Copy the data exactly. Images are to be left out.

▸ DATA SHOWN:
──────
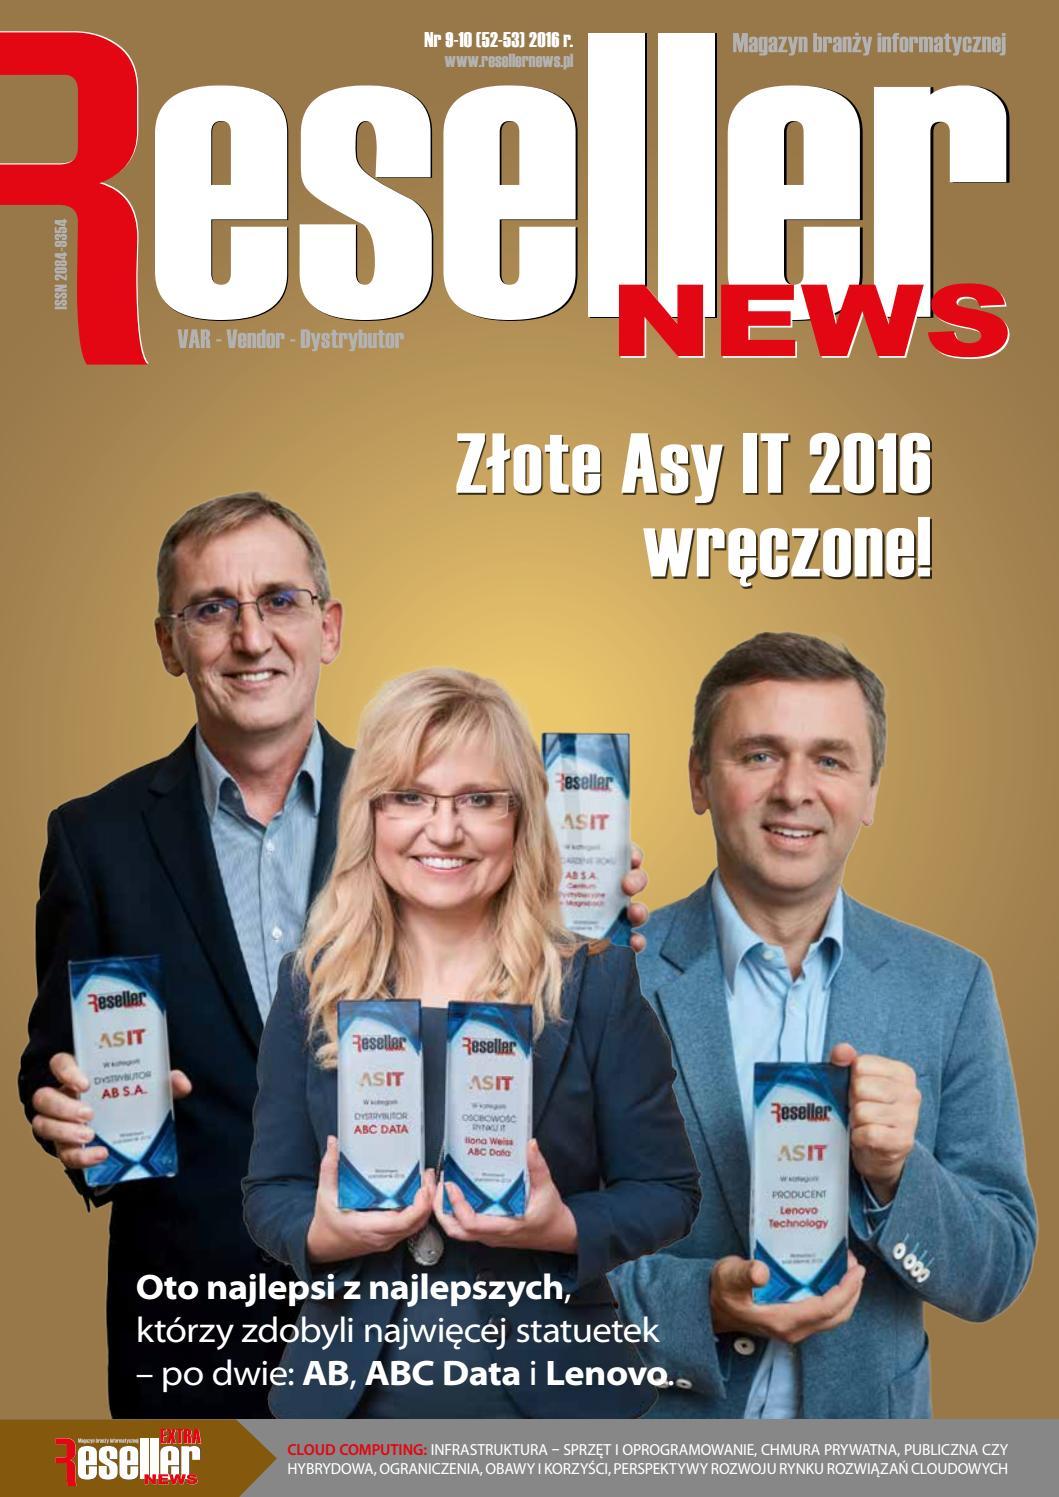 4162e37aef Reseller news 9 10 (52 53) 2016 by Dariusz Walach - issuu
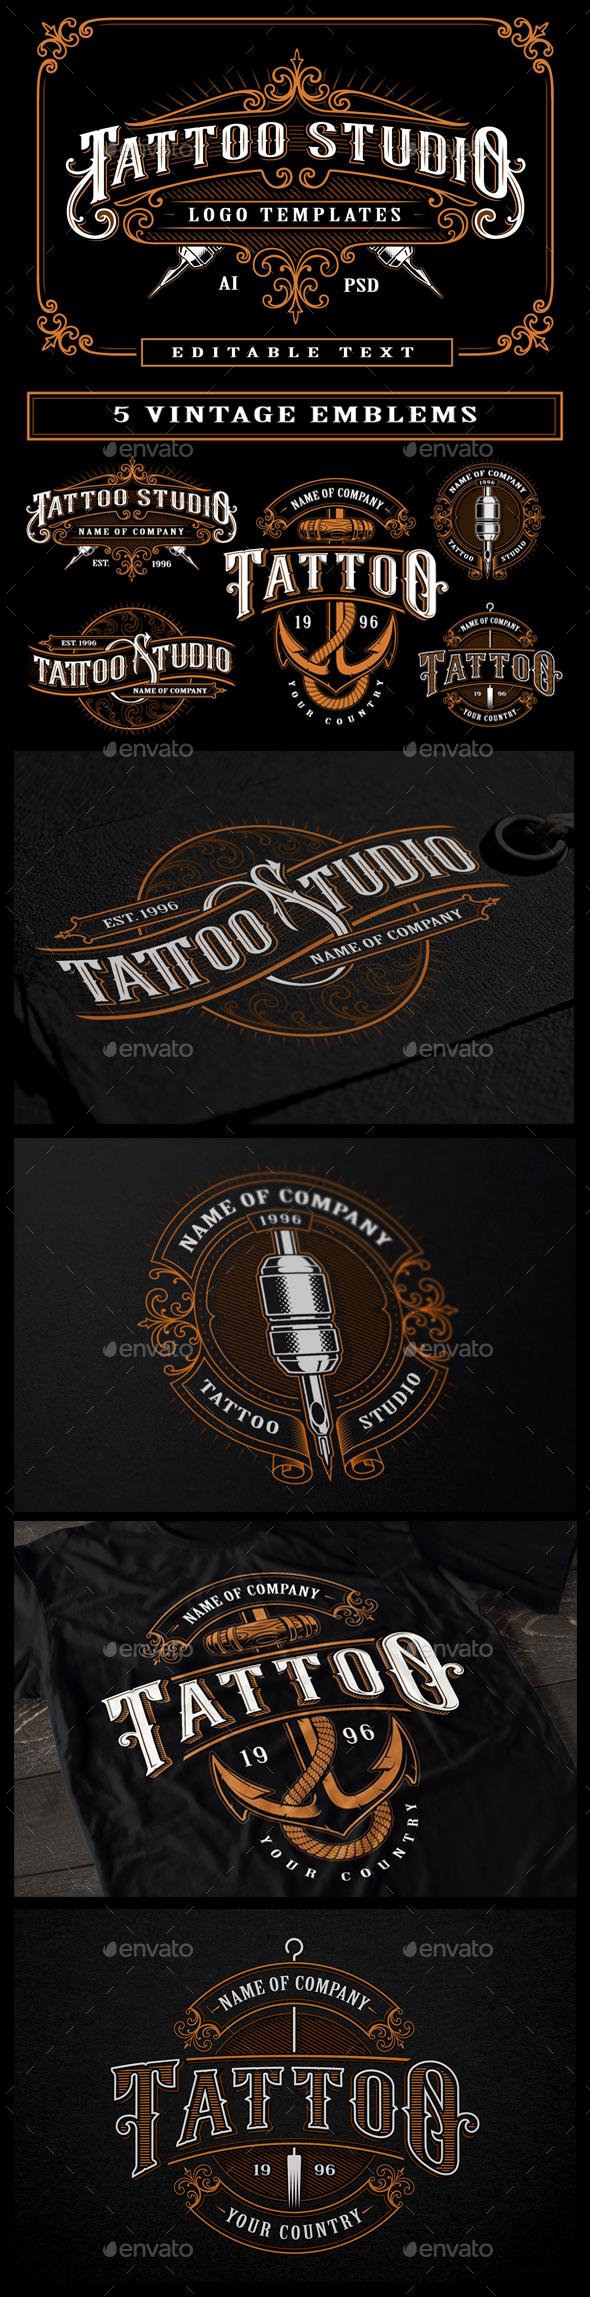 Set of Vintage Tattoo Studio Badges - Retro Technology
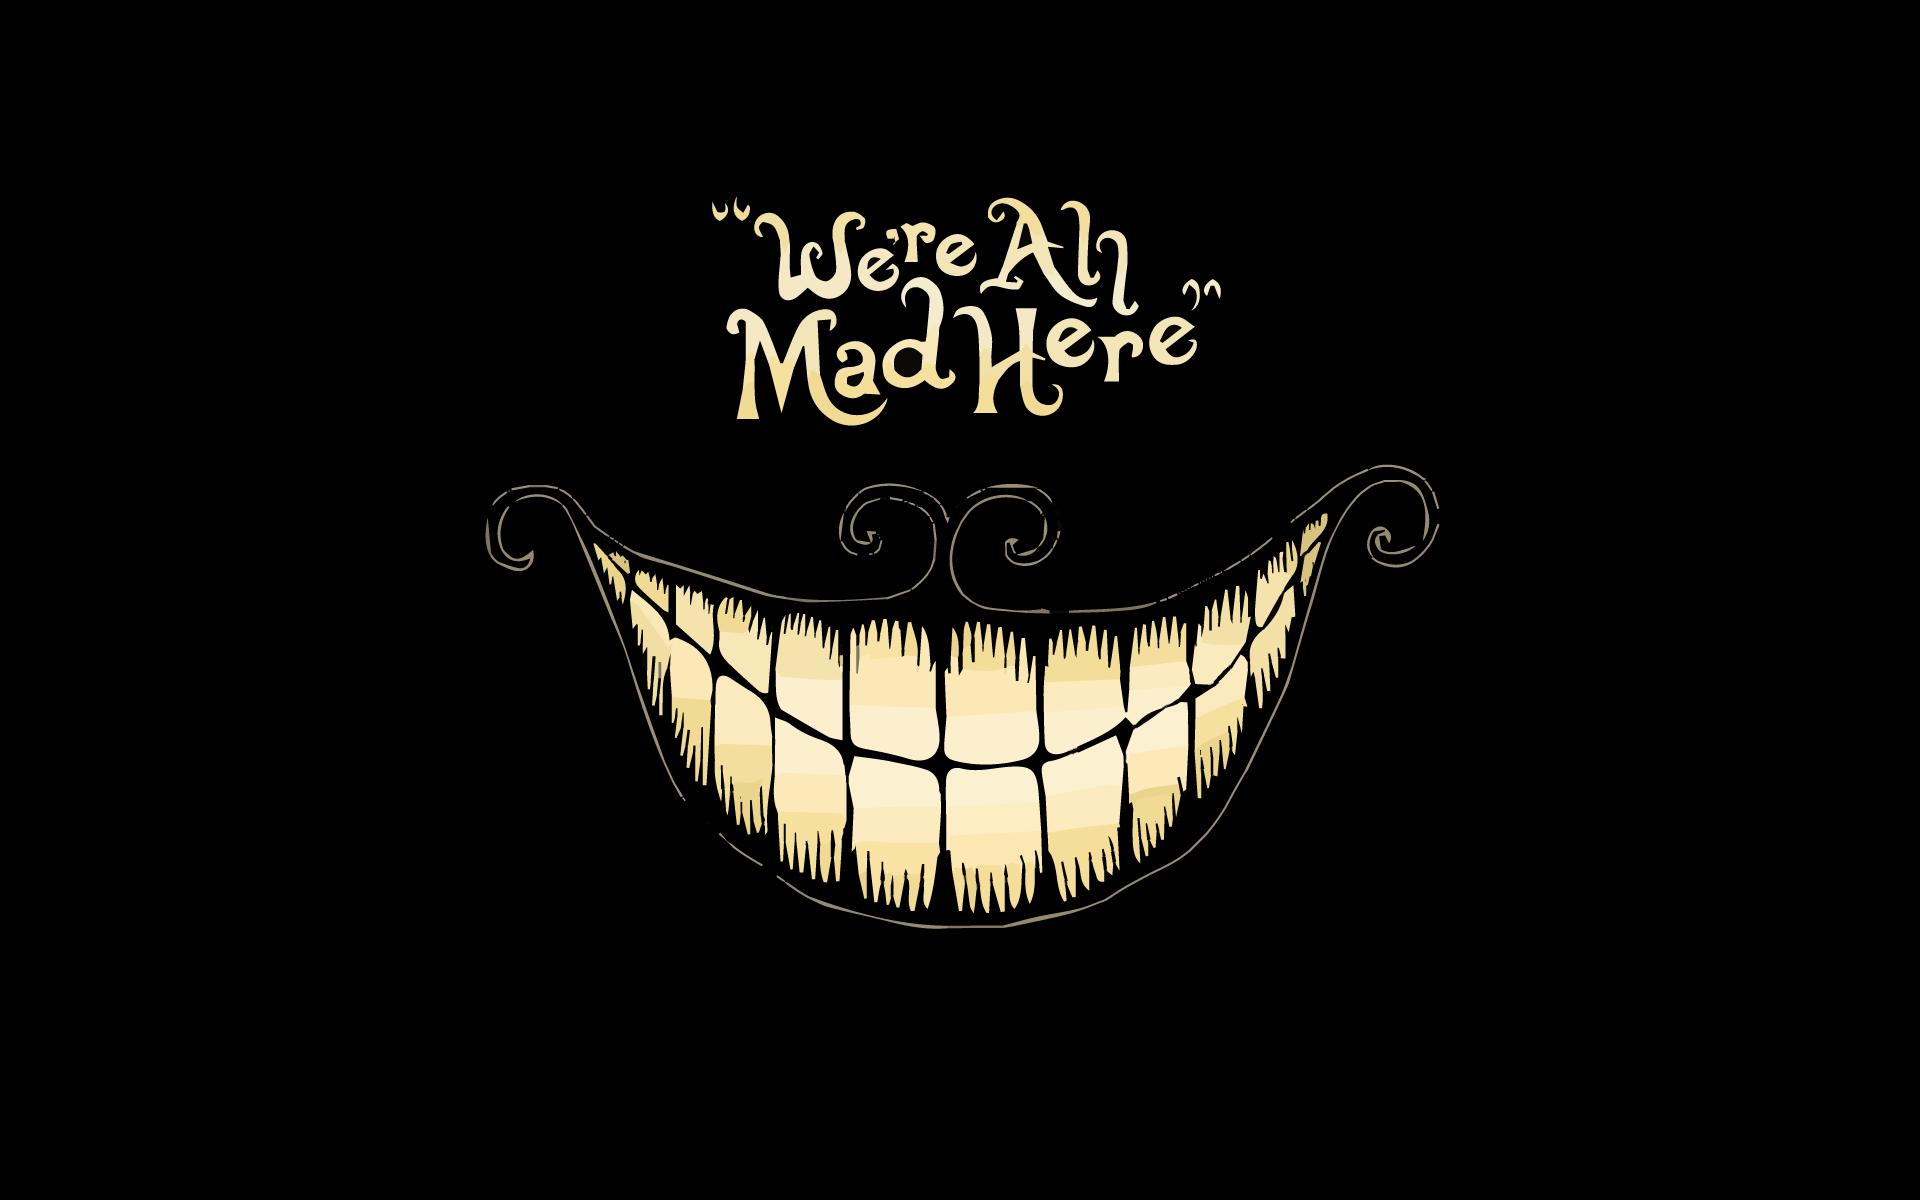 Free Download Alice In Wonderland Wallpaper Tim Lelek February 14
──────
▸ ANSWER BELOW:
 4162e37aef Reseller news 9 10 (52 53) 2016 by Dariusz Walach - issuu
 Set of Vintage Tattoo Studio Badges - Retro Technology
 Free Download Alice In Wonderland Wallpaper Tim Lelek February 14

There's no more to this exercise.